Именно на выработку подобного аффективного отношения были нацелены и особая героическая стилистика выступлений государственных деятелей, и установление общих памятников героям Первой мировой, и поддержка военно-реконструкторского движения (представляющего собой, по словам Сергея Ушакина, наиболее аутентичную практику переживания событий), и финансирование оцифровки списков потерь, и запуск при поддержке РВИО компьютерной игры «Илья Муромец» (по названию упоминавшегося ранее первого в мире тяжелого бомбардировщика). Рассмотренная выше сакрализация памяти о Первой мировой также вписывается в эту тенденцию. Сюда же можно включить и использование новейших мультимедийных средств выставочной деятельности (поливизоры, стереовизоры, различного рода проекции, визуальные реконструкции), способствующих формированию прежде всего эмоционального отношения к прошлому. Наиболее ярко эта тенденция отразилась в выставке «Герои Отечества. Георгиевская традиция России» (открыта в декабре 2015 года в «Стрелецких палатах»), где Первой мировой уделено значительное внимание.
Конечно, все перечисленное вовсе не говорит о том, будто официальные структуры государственной исторической политики отказывались от наполнения юбилея конкретикой. Наоборот, то обстоятельство, что в основу юбилейных мероприятий была положена метафора «возрождения памяти», позволяло включать в это понятие самые разнообразные практики – от выпуска книг и проведения конференций до открытия памятников и мемориальных досок, обустройства захоронений, запусков тематических Интернет-проектов. Наверное, наибольшую телесность метафора возрождения обрела в 2015 году, когда из Франции в Москву был перенесен прах верховного главнокомандующего русской армией в 1914–1915 годах, великого князя Николая Николаевича.

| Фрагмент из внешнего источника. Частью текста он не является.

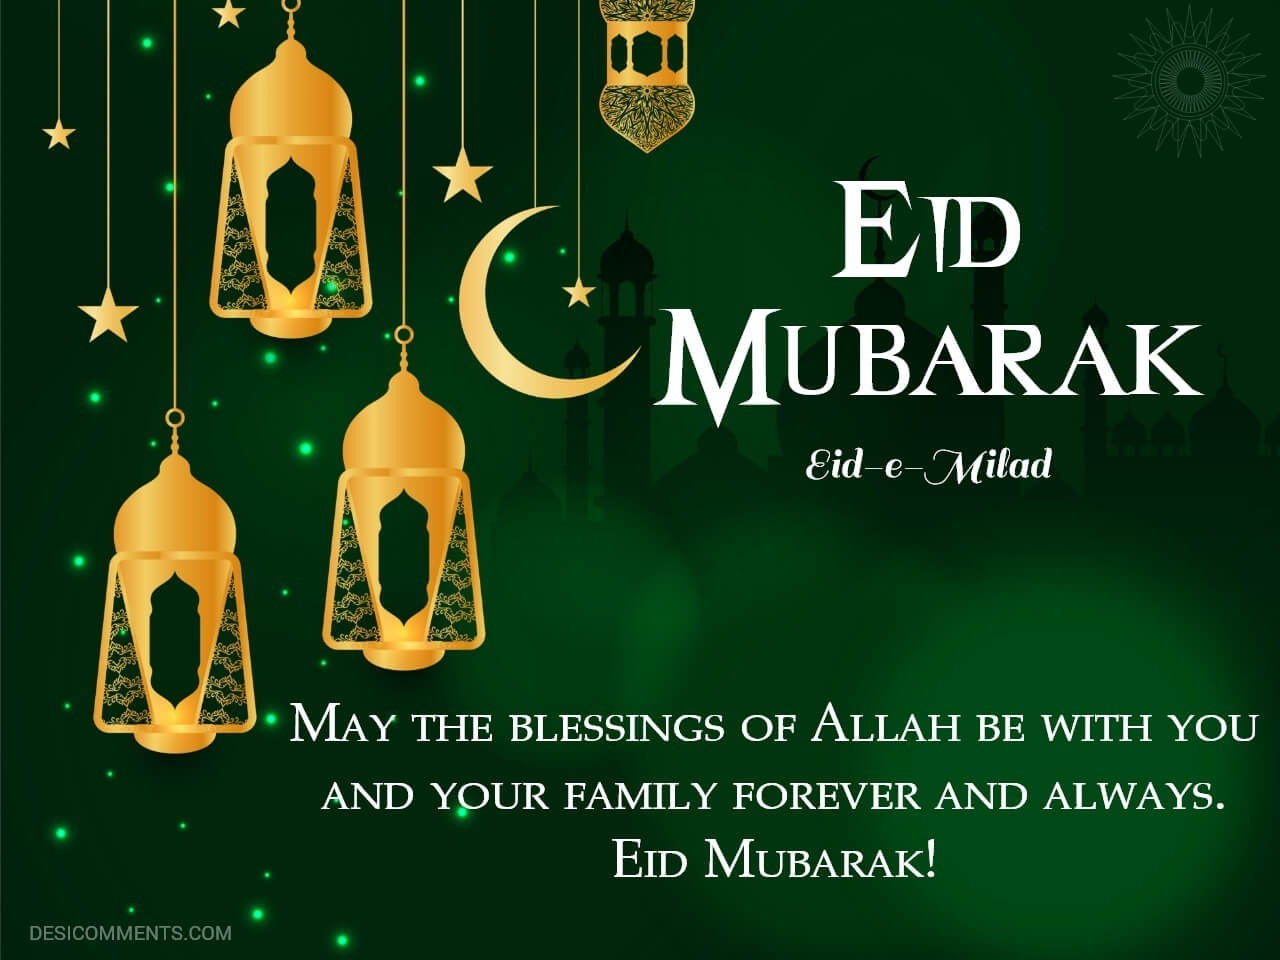 May The Blessings Of Allah Be With You - DesiComments.com

«Консервативный поворот» в российской политике, начавшийся после протестной волны 2011–2012 годов, и доминирование в публичном пространстве патриотического дискурса «служения отечеству» привели к тому, что ключевой темой юбилея стало увековечение подвига русской армии. Подобная расстановка акцентов отличала выступления и президента Владимира Путина, и спикера Государственной Думы Сергея Нарышкина, и министра культуры Владимира Мединского. При этом речь шла об определении общего направления коммеморативных практик и формировании особого эмоционального режима обращения к военной эпохе, в то время как конкретное осмысление событий, наполнение истории «героическими» именами и фактами во многом отдавалось на откуп интеллектуалам, приближенным к официальным структурам.

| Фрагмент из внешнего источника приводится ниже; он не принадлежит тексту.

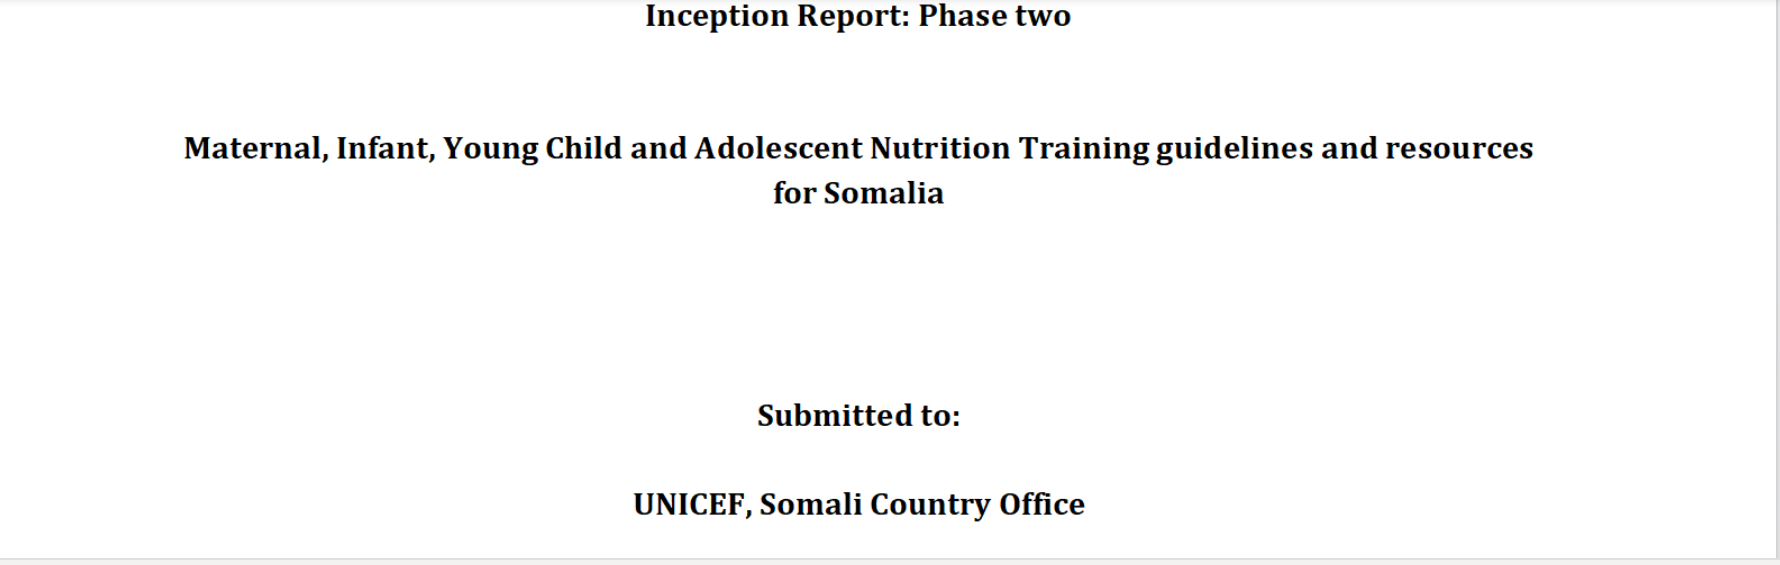 Maternal, Infant and Young Child and Adolescent Nutrition Operational and Programme guideline.

Другими словами, государство стремилось задать общую повестку дня, в пределах которой приемлемыми одновременно оказывались различные интерпретации. В данном смысле никак не противоречат друг другу рассуждения Владимира Путина о «предательстве большевиков», которые «украли» у России победу («Россия ведь не проиграла Первую мировую войну – она объявила себя, по сути, проигравшей»[31]), Сергея Нарышкина об ответственности политических элит за поражение («Война стала проверкой на прочность всех стран. Но выдержали ее лишь те, кто смог консолидировать усилия общества и государства. К сожалению, в России этого сделать не смогли»[32]) и Владимира Мединского об ошибочности самого вступления России в войну («Вообще наше участие в Первой мировой войне было громадной геополитической ошибкой. В этом смысле нам нужно учиться у американцев, которые умеют извлекать максимум пользы с минимумом жертв»[33]). Несмотря на всю разноголосицу, каждое из этих заявлений вполне встраивалось в «героико-патриотический» контекст и ситуативно укрепляло его.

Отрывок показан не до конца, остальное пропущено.